Not one of his best by any means, but the filmed-on-location viewing opportunities were excellent. I remember two scenes in particular, relatively simple stuff that took the crew hours to set up and then actually "get in the can," as the director would say. One had Presley going into the entrance to the Space Needle, but needing all extras coordinated and the light and camera angles just right. And the other was more important, Elvis and the movie's darling little Oriental girl (his unwelcome sidekick, sort-of, but a plot-crucial character in fact) getting on or off the Monorail at its downtown station, the extras even more important and visible. The girl was cute as a button, and he was lean and tan and fit as a fiddle, "The King" in all his splendor, even appearing in what turned out to be a so-so film.

Sadly the next time I saw Elvis almost-live was at a concert in the Seventies, when he'd successfully come back, conquered Vegas, and then gotten fat and druggy. That particular evening his joking with the back-up singers was strained, even verging on racial-stereotype humor, and his ever-perfect musical timing slightly off--his pathetic decline acted out right before our eyes.

But before that, in 1972 I was hired for a major freelance-writing gig that required me to move to Georgetown, that upscale part of D.C., for a month to research, partially write, and also edit, proofread and then publish a 24-page one-issue tabloid newspaper called Fresh Water Journal or some such, its layout and typefaces mimicking Rolling Stone, which was just then making a splash (er, so to speak).

Why? Well, the Potomac River was in disgraceful condition, and the three states involved (plus D.C.) had united to persuade the public to vote support for water treatment upgrades--possibly even going so far as what was then called "tertiary treatment," meaning basically giving the polluted river wastewater (including sewage) enough chemicals and sunlight and filtering to make it truly potable again. A radical idea back then, but one that has been gradually taking hold around the water-rationed world ever since.

The newspaper I saw to publication was distributed free and was actually fun to read, filled with news and views and editorial cartoons, convincing science and political analysis too, making the whole river-purifying idea as palatable as possible.
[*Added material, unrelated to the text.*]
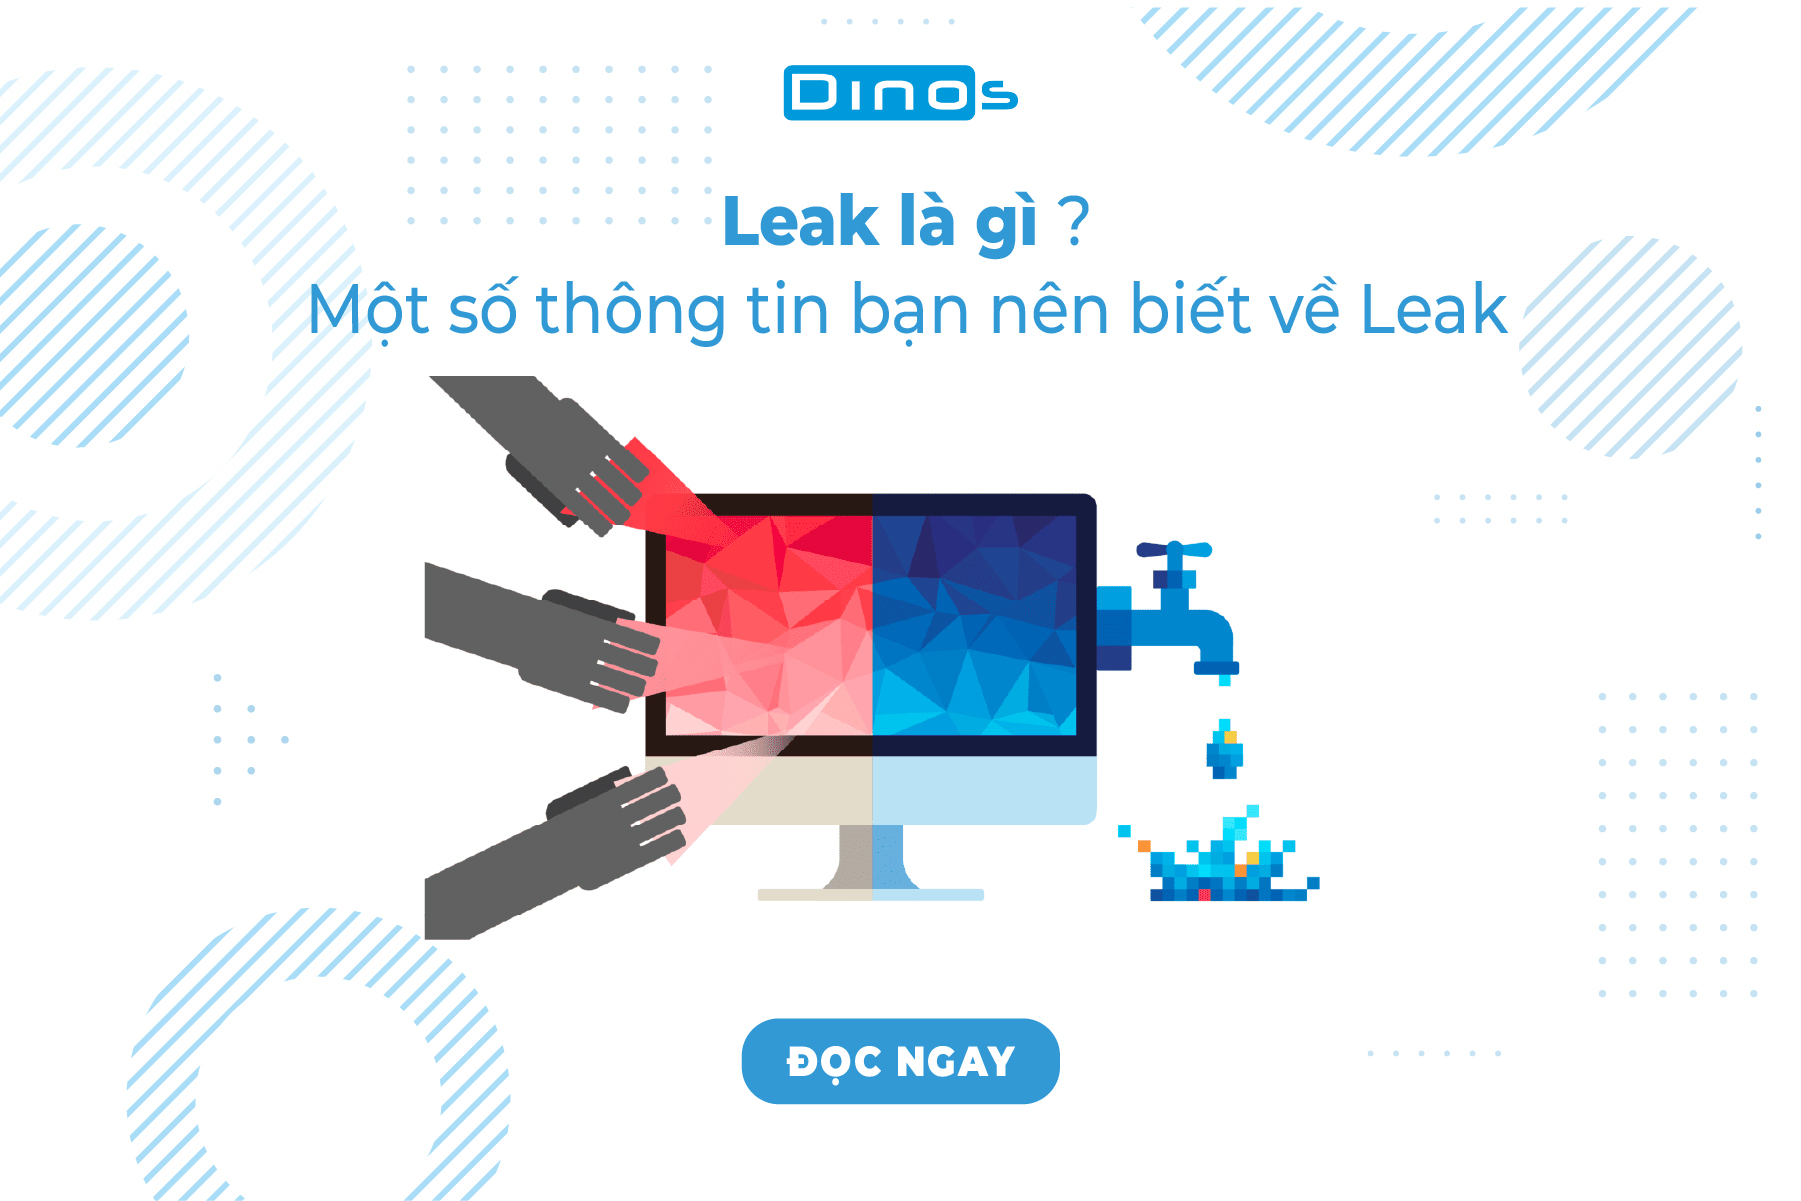 Leak Là Gì? Một Số Thông Tin Bạn Nên Biết Về Leak

But free paper or not, the citizens weren't buying; the measure failed at the ballot box. Clean-up of the Potomac had to wait several more years...

At any rate, while I was inventing a newspaper, that ghastly-green horror film The Exorcist (a different sort of pollution) was also in town, filming on location in Georgetown; and the crew and I happened to be staying at the same Marriott across in Arlington. Sitting at the hotel bar in the evenings, once in a while I'd get into conversation with crew guys. They had good Hollywood gossip stories, and a general disdain for the film's director, William Friedkin. The main complaint seemed to be that Friedkin was not focussed on the daily filming; instead, he'd spend hours on the phone (pre-cell days) working to line up his next directorial jobs, neglecting the current work that was costing a whole heap every day.

I was invited to drop by the location shoot and watch, so of course I found time to flee the typewriter. One cloudy day I tracked the crew to a scene of tree-shrouded concrete steps--shooting day-for-night, I think--and watched a couple of actors go through the motions; I was hoping to spot Max Von Sydow (admired from the great Ingmar Bergman films) but no such luck. Friedkin was there but didn't seem to have much to say; I couldn't tell if his bad rap was justified or not. Pretty boring day, actually, and I chose not to view the finished film.

But I couldn't escape the movies (or television). Back in Seattle, I was soon working for the Rainier Beer creative group, and in no time involved in, and then producing, commercials that parodied Casablanca, Cole Porter, The Twilight Zone, "Indian Love Call," Lawrence Welk, Garland-Rooney musicals, TV's Archie Bunker, Star Wars, and much more. But I want to mention two projects I'm especially fond of, company sales films the public basically never saw...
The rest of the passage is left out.